A global dust storm on Mars is threatening the planet’s longest-living robot, NASA’s Opportunity rover. The machine has been in hibernation since June to wait out the storm and now NASA have given it a deadline to wake up.
The US space agency has given the rover a 45-day deadline before giving up on the robot, which has been exploring the Red Planet for 14 years. Skies are finally starting to clear over Mars following an epic sandstorm, and mission managers are hopeful that the rover will attempt to make contact soon.
“The sun is breaking through the haze over Perseverance Valley, and soon there will be enough sunlight present that Opportunity should be able to recharge its batteries,” said John Callas, Opportunity project manager at JPL, in NASA’s latest update on the rover.
However, if the robot is silent for 45 days after the storm subsides, the team will be “forced to conclude that the sun-blocking dust and the Martian cold have conspired to cause some type of fault from which the rover will more than likely not recover,” said Callas.
“At that point our active phase of reaching out to Opportunity will be at an end. However, in the unlikely chance that there is a large amount of dust sitting on the solar arrays that is blocking the sun’s energy, we will continue passive listening efforts for several months.”
If the golf-cart-sized vehicle can’t get enough sunlight, its batteries may brown out or lack the electricity needed to power the heaters to protect the machine’s electronic circuits from Mars’ blistering cold.
The Opportunity rover was only scheduled to last for three months, but has been exploring the Red Planet for over 14 years, clocking up more than a marathon worth of Mars miles. A global dust storm has been raging on the planet for nearly two months. The rover fell asleep on June 10 and has yet to wake up and “phone home.”
While dust storms aren’t an unusual occurrence on Mars - the planet is shroud in a red haze of dust once every couple of years – but NASA says this is “one of the most intense” storms ever recorded.
“This is the worst storm Opportunity has ever seen, and we’re doing what we can, crossing our fingers, and hoping for the best,” said Steve Squyres, a planetary scientist at Cornell University and leader of the rover mission, in a recent Planetary Society blog.
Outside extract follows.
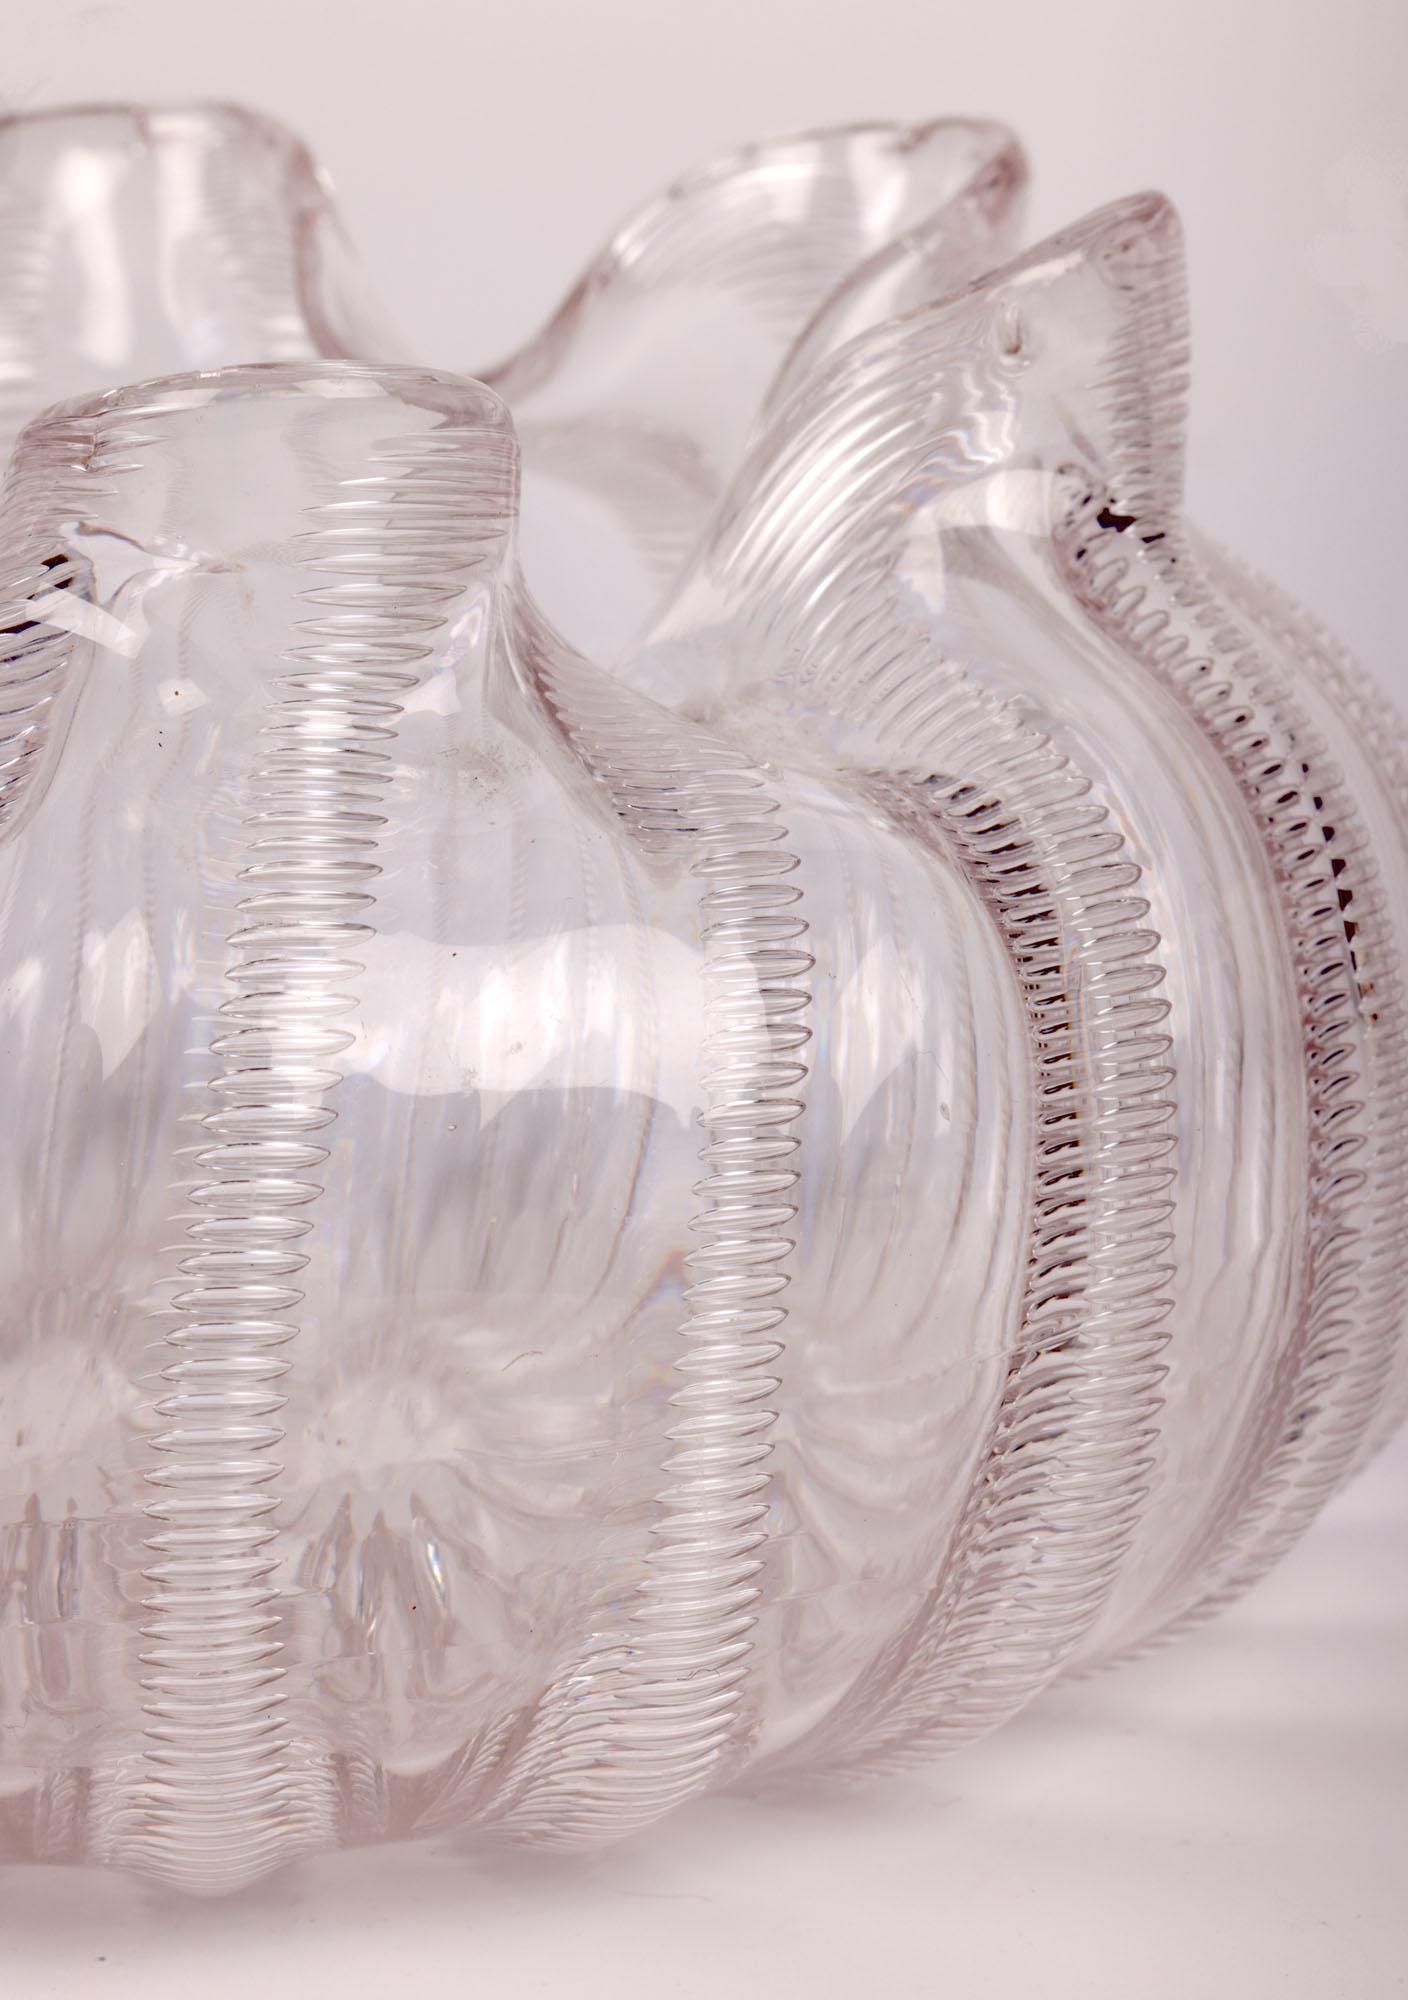 Eine qualitativ hochwertige englische Glasschale mit Jewell-Muster von Stevens & Williams, einem renommierten Glashersteller aus Stourbridge, datiert 1886. Die Kristallglasschale hat eine breite, runde Form und ist mundgeblasen mit einem leichten

The robot is battling a killer weather combination with the extreme dust storm, which is blocking light to its solar panels and coating it in a fine dust, while also fighting -100 degree Fahrenheit temperatures. Together, they can reduce the rover’s ability to store and use electrical energy, while also shrinking and snapping electronic circuits.
The longer the robot goes without generating the electricity needed to charge its batteries, NASA says the batteries could “brown out” and the rover will join the defunct likes of Spirit, the Opportunity rover’s near-identical sister machine.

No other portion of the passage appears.